Based on our systematic review results, the effect of magnesium supplementation on serum levels of LDL-C, HDL-C, TG, and TC was assessed in twenty [29, 30, 32,33,34,35,36,37,38,39, 49, 52,53,54,55,56, 59,60,61,62], twenty-five [29, 30, 32,33,34,35,36,37,38,39, 49,50,51,52,53,54,55,56,57,58,59,60,61,62,63], twenty-five [28,29,30,31,32,33,34,35,36,37,38,39, 50,51,52,53,54,55,56,57,58,59,60,61,62], and twenty-one studies [28,29,30, 32,33,34,35,36,37,38,39, 52,53,54,55,56, 59,60,61,62,63], respectively. The dose of magnesium ranged from 20 mg/day to 548 mg/day in the form of magnesium citrate [28, 31], magnesium chloride [29, 50, 51, 57, 58], magnesium oxide [30, 34, 37, 38, 55, 56, 62], magnesium pidolate [32], magnesium bicarbonate [33], magnesium sulfate [39, 49, 61], magnesium hydroxyl [35], magnesium aspartate [53, 63], magnesium lactate [54], while four studies did not report the formulation of magnesium [36, 52, 59, 60]. The intervention duration ranged from 4 weeks to 24 weeks.

The design of three studies was cross-over [31, 32, 54], while twenty-four studies [28,29,30, 33,34,35,36,37,38,39, 49,50,51,52,53, 55,56,57,58,59,60,61,62,63] had a parallel design. Regarding health status, three studies were on subjects with metabolic syndrome [28, 52, 58], nine studies on subjects with diabetes [29, 37, 50, 54,55,56, 59, 61, 62], three studies on obese/overweight participants [31, 39, 53], three studies on prediabetes [38, 51, 60] and healthy subjects [32, 33, 35], two studies on women with polycystic ovary syndrome [30, 34], one study on subjects with moderate coronary artery disease [49], one study on nonalcoholic fatty liver disease [36], one study on metabolically obese normal-weight individuals [57], and one study on mild to moderate hypertension [63].

In one study by Albaker, W. I et al. [29] the effect of magnesium was assessed at different doses, including 20 mg/day and 50 mg/day for twelve weeks; therefore, this study was considered as two studies in the systematic review and meta-analysis. Farshidi, H et al. [49] assessed the effect of magnesium in 12 weeks and 24 weeks; therefore, we considered this study as two separate studies, and two effect sizes were calculated. Furthermore, in two other studies, the effect of magnesium was assessed at two time points; thus, those studies were reviewed as four separate studies in both the systematic review and meta-analysis, and four effect sizes were calculated [35, 39]. Consequently, twenty studies with twenty-four effect sizes assessed the effect of magnesium on LDL-C levels, twenty-five studies with twenty-nine effect sizes assessed the effect of magnesium on HDL-C levels, twenty-five studies with twenty-six effect sizes assessed the effect of magnesium on TG levels, and twenty-one studies with twenty-four effect sizes assessed the effect of magnesium on TC levels. We presented the details of the study characteristics in Table 1.

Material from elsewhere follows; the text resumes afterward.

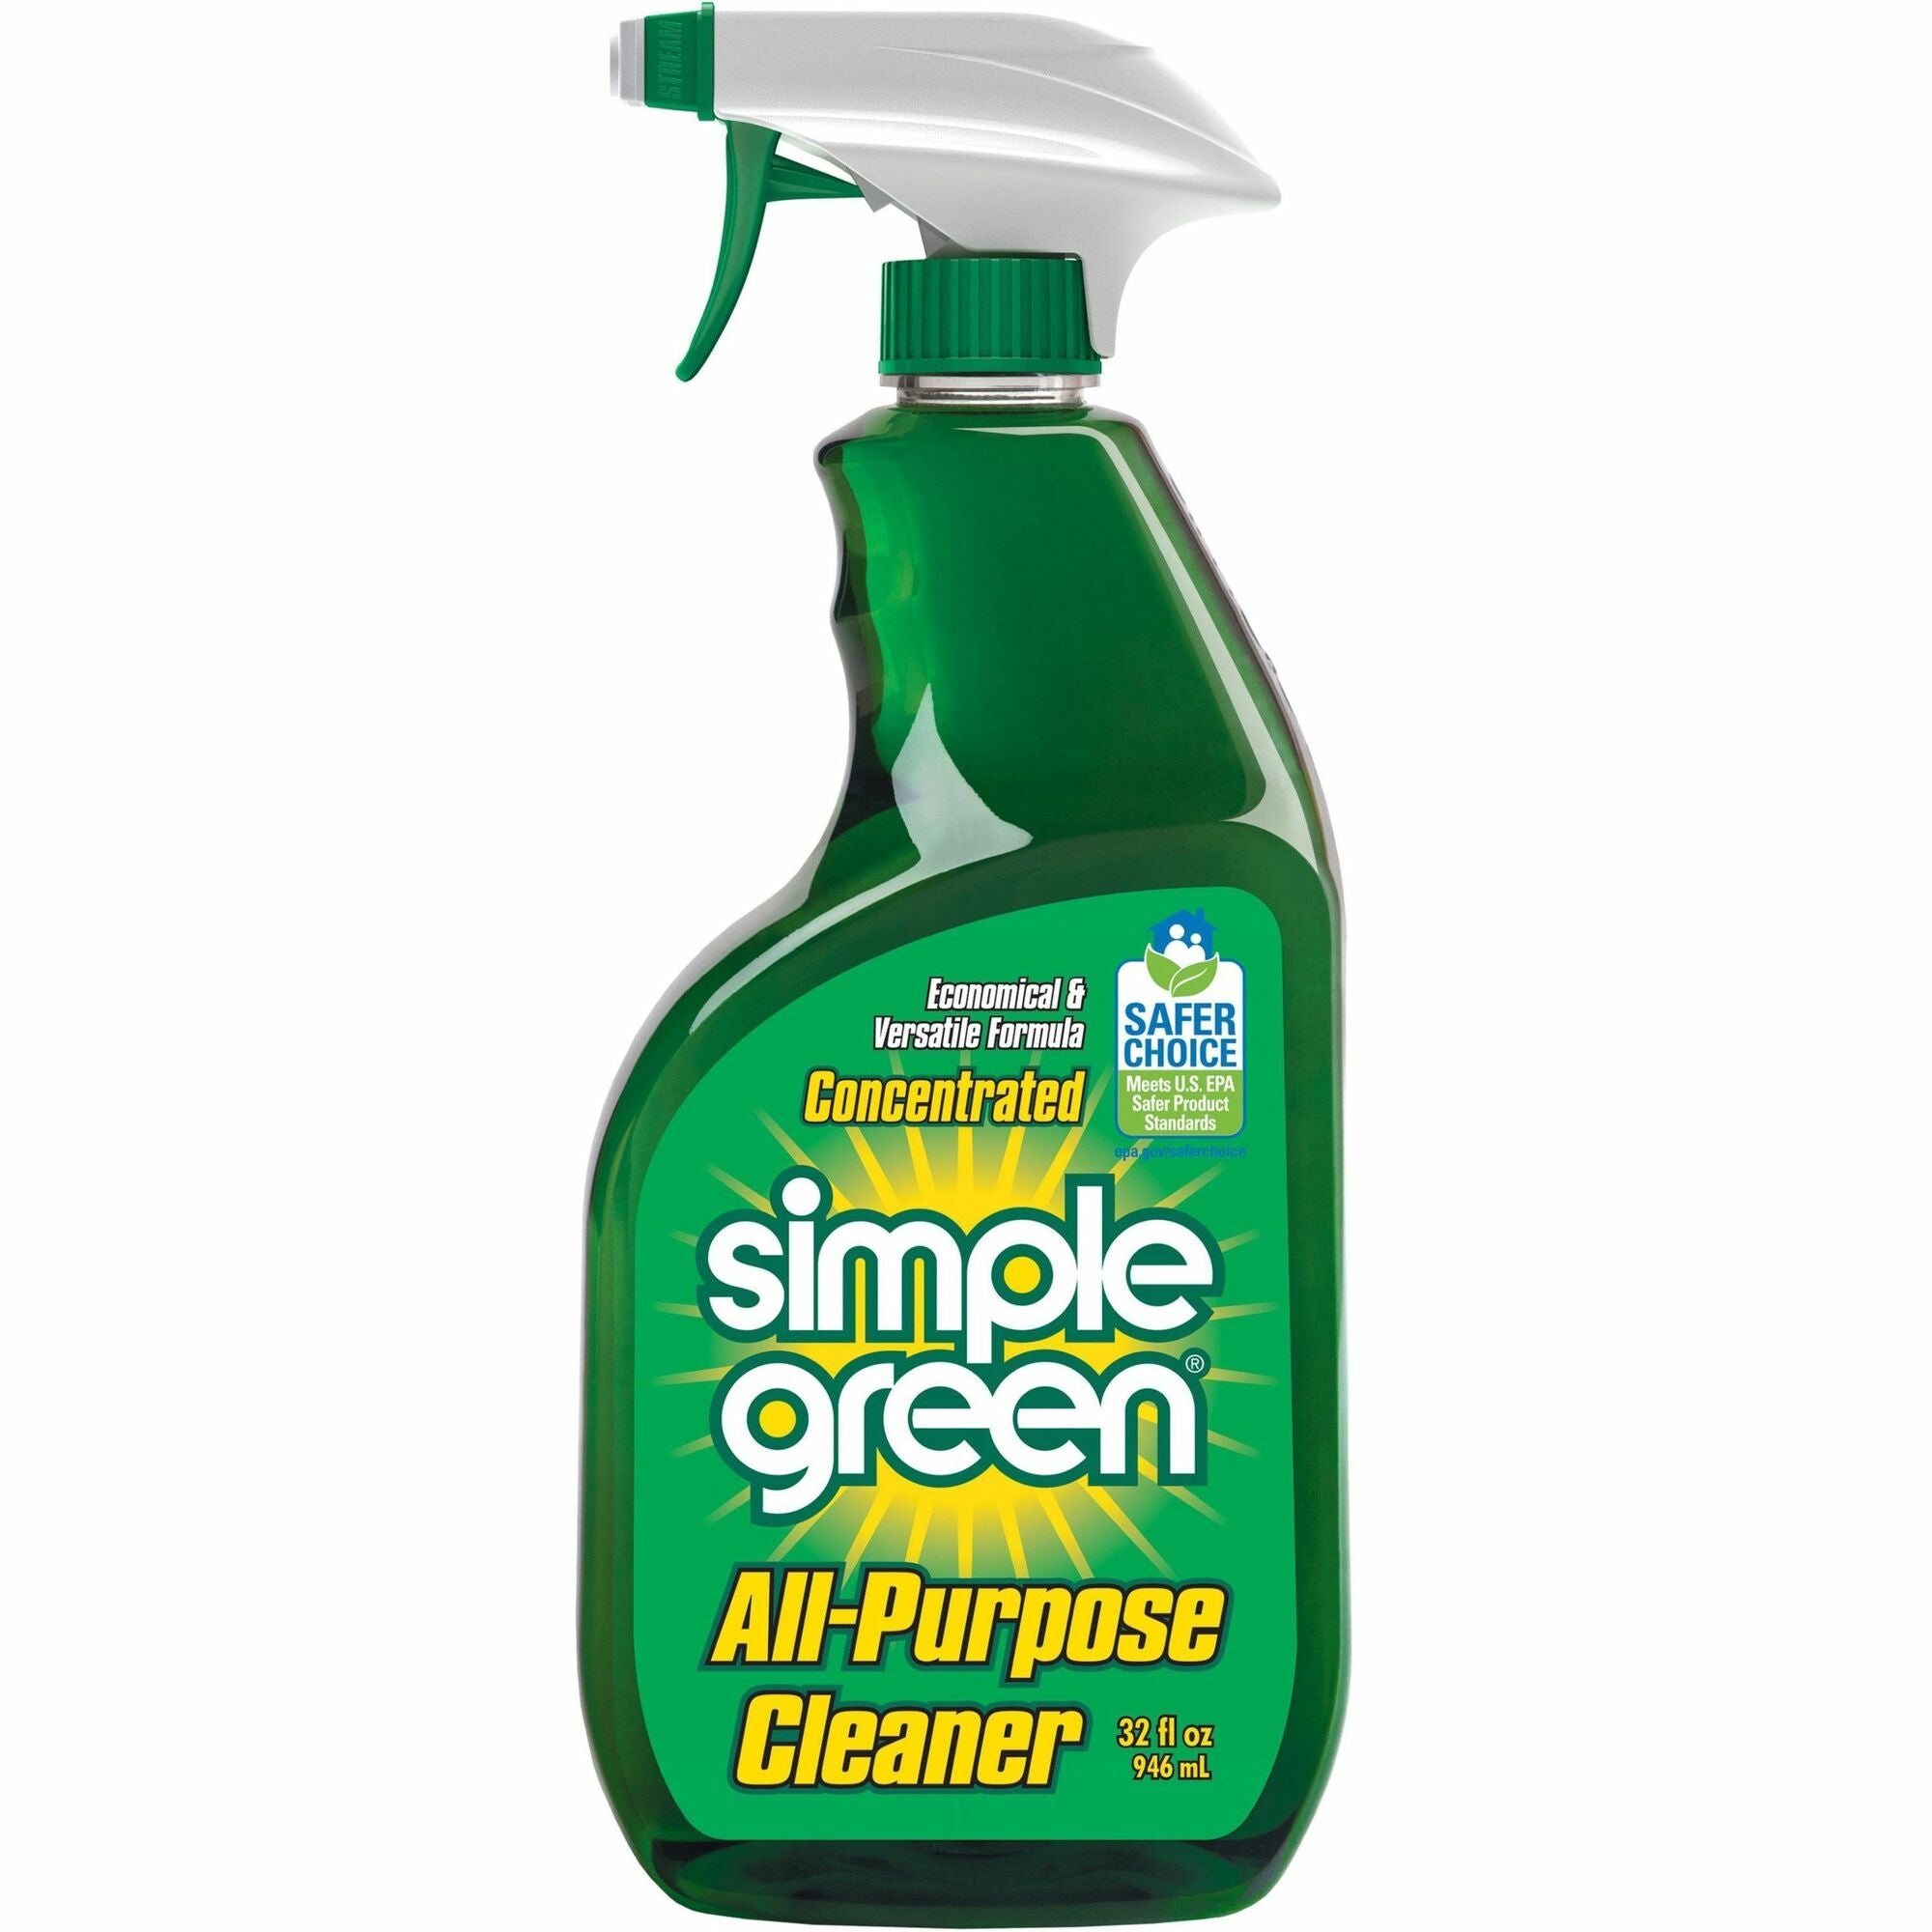 simple-green-all-purpose-concentrated-cleaner-concentrate-32-fl-oz-1-quart-12-carton-non-toxic-streak-free-smudge-free-green_smp13033ct - 1

Table 1 Randomized controlled trial studies included in the systematic review and meta-analysis abbreviations: LDL-C: low-density lipoprotein cholesterol; HDL-C: high-density lipoprotein cholesterol; TG: triglyceride; TC: total cholesterol
Full size table

Quality assessment

Figure 2 shows the results of the quality assessment for each article and the percentage of articles based on quality assessment results in each item. As can be seen, out of twenty-seven studies, ten studies had a high risk of bias [29, 32, 34,35,36, 49, 51, 52, 55, 63] due to deviations from intended interventions [52], missing outcome data [29, 34, 49, 51, 52, 55], and measurement of the outcome [32, 35, 36, 52, 55, 63]. More details are presented in Fig. 2.

Fig. 2
figure 2

Quality assessment

Full size image

Meta-analysis results

Twenty-one studies with twenty-four datasets were included in the meta-analysis of the effect of magnesium on the serum level of TC (Fig. 3A). The high heterogeneity was observed between studies (Cochrane’s Q test, P < 0.001, I2 = 99.1%). As depicted in Fig. 3A, differences in serum levels of TC between the magnesium group and the comparison group (weighted mean difference (WMD) = 0.34 mg/dl, 95% CI: -1.75 to 2.43, P = 0.749) were non-significant. Subgroup analyses also revealed a non-significant change in serum levels of TC following magnesium supplementation in most subgroups with more than two trials (Table 2). The between-group heterogeneity was significant in most subgroups with more than two trials (Table 2).

Fig. 3
figure 3

Forest plot of the effect of magnesium supplementation on serum concentrations of lipid profile. A: TC; B: TG; C: LDL-C; D: HDL-C

Full size image
Table 2 Results of subgroup analyses for studies evaluating the effect of magnesium on serum TC
Full size table

Figure 3B depicts the result of the meta-analysis regarding the effect of magnesium on the serum levels of TG. Twenty-three studies with twenty-six datasets were included in the meta-analysis. Since there was significant heterogeneity (Cochrane’s Q test, P < 0.001, I2 = 99.1%) between studies, the random-effect model was used and its results indicated no significant effect of magnesium on serum levels of TG (WMD=-2.06 mg/dl, 95% CI: -6.35 to 2.23, P = 0.346). The non-significant effect of magnesium supplementation on TG levels did not change in all subgroup analyses (Table 3).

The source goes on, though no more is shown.